Rational design of thermally reprocessable microphase-separated ionomer with creep resistance and recoverability

Designing reprocessable polymeric materials while maintaining long-term dimensional stability has been recognized as a critical challenge in sustainable materials development. Ion-containing polymers, especially the ones with low charge densities, i.e., ionomers, demonstrate improved toughness due to physical crosslinks of ionic clusters. However, at elevated temperatures, ionic associations become more transient, leading to softening and even terminal flow.

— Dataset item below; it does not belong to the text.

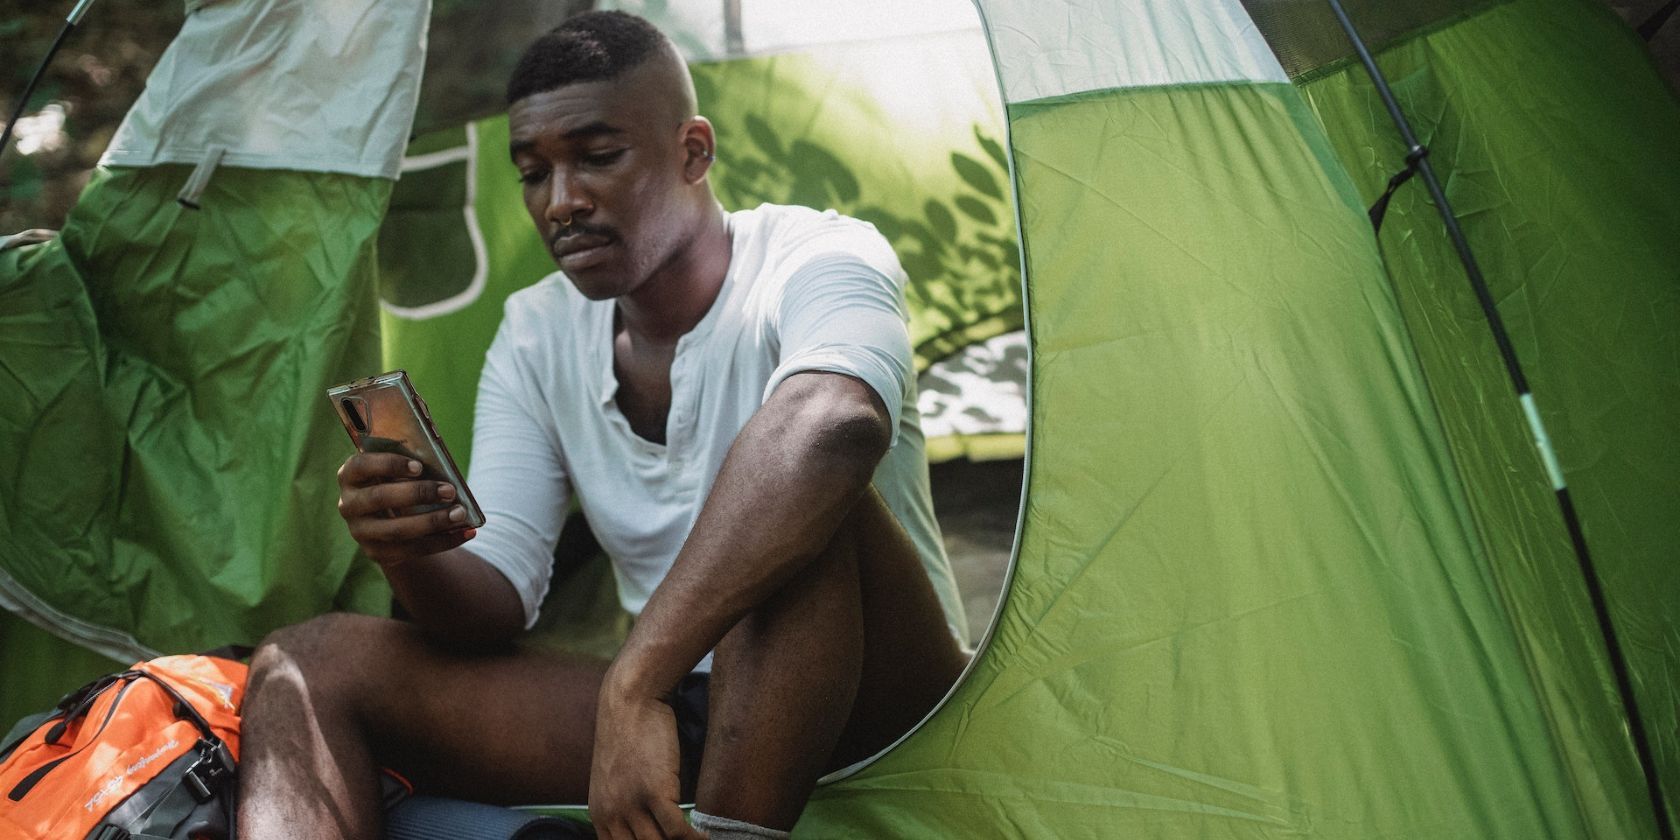 Man outdoors in camping tent distracted by smartphone

In this talk, we will demonstrate that when ionic monomers are confined into a block, diblock ionomers retain elasticity over a wide temperature range, resist creep, and exhibit greater than 90% recovery after five creep-recovery cycles.

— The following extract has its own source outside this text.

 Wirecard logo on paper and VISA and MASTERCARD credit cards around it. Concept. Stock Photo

Unlike statistical ionomers with 1-3 nm ionic cluster formation, diblock ionomers self-assemble into a highly ordered inverse hexagonal (iHEX) structure with large interdomain spacing (> 30 nm). The glassy ionic domain acts as a rigid scaffold, significantly slowing interdomain diffusion, while the soft, rubbery neutral domain provides flexibility within the cylinders and enables reprocessability. The diblock ionomer is compression moldable at 80 °C while maintaining good mechanical integrity. By tuning the ion distribution, we convert a thermoplastic-like ionomer into a reprocessable elastomer, outperforming conventional thermoplastic elastomers and providing design guidelines for dynamic polymers with mechanical robustness, recoverability, and sustainability.